Thank You and I’m Sorry

I owe this to an elementary schoolmate from grade 1. She was extremely quiet. For me, another shy and awkward kid, I internally recognized how she didn’t quite fit in. A family friend told me years later her backstory. It wasn’t until decades after high school that I realized this lost/moved away sorta-friend had spent a year with me during high school. Our paths never crossed, at least I don’t remember her from high school. I don’t know if she ever saw me or recognized me.
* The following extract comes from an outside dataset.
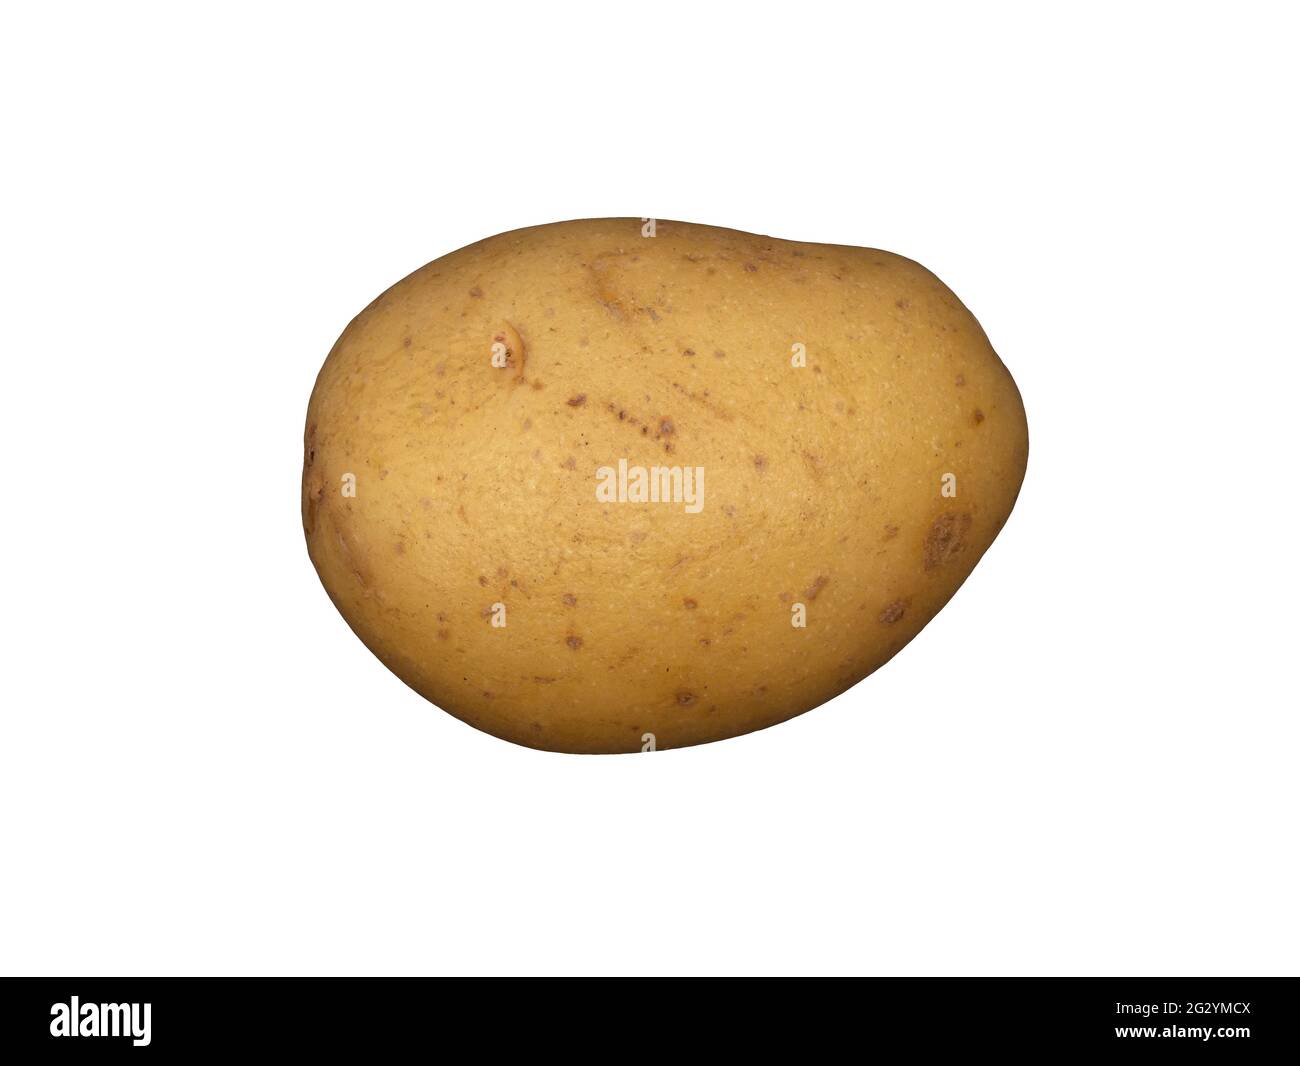 A white potato on a plain white background Stock Photo

I owe her an apology. Something happened one day in grade 1 that I know had to have embarrassed her, no, I’m not sharing it here. I didn’t laugh, but I didn’t offer anything to stop the smirks and looks. Sure, I was only…let’s see, kindergarten was 4 turning 5, so grade 1 I was 5 turning 6…I was the grand old age of 6, like everyone else.

But…I knew the feeling. I feared the feeling. The centering out of the incident to bring on the feeling. Somewhere in my 6-year-old being…I knew and understood. And, still I did nothing.

I remember hoping, maybe even praying, no one looked at me. Why? General fear that they would think I would be next. That I was the same because I was friendly with her. Sitting close by her. Stupid fear thoughts. Embarrassed thoughts then and more now.

I’m sorry I wasn’t able to do more for you that day. I’m sorry because I’m afraid I might have distanced myself from you after that…I don’t remember. I vaguely remember you not being a school for a bit after that.

Why is this so stuck in my mind? All these decades…5 decades, 50 years…and I still can picture it so clearly.

I can feel it as if it was me and not you. And, I know it wasn’t me because the family friend also remembered that day, so my memory isn’t fooling me.

So, why is it stuck in my memory and why the need to say, Thank You, for a moment in time that I imagine was absolutely horrible for you?

I believe that was my first experience of empathy. I didn’t have a name for it, but I know over the years I have taken on the emotions of others as if they were my own. Owning and carrying what wasn’t mine. Being affected by it.

Accepting and being comfortable with the idea that I am empathic to this degree is a challenge and feels a bit out-there. Aren’t we all empathic?

I don’t want to change this part of me. I don’t want to lose this part of me. Knowing this about me, I can understand myself better and start to separate my true feelings and reality from that which belongs elsewhere. Maybe this is why…and now this sounds ego…but, I’m remembering so many conversations over my lifetime with people during their crises and then being told how much I helped. Of course, I didn’t know what I had done or how I could have possibly have helped. I was too worried that what they were feeling or experiencing was actually happening in my life and I was unaware of it.

Empathy can be very confusing when you don’t understand the depth it reaches you.

Thank you my long ago schoolmate. You opened up something in me that has taken me this long to name. Something, I’m becoming thankful for having.

I hope you are doing well. Maybe one day our paths will cross.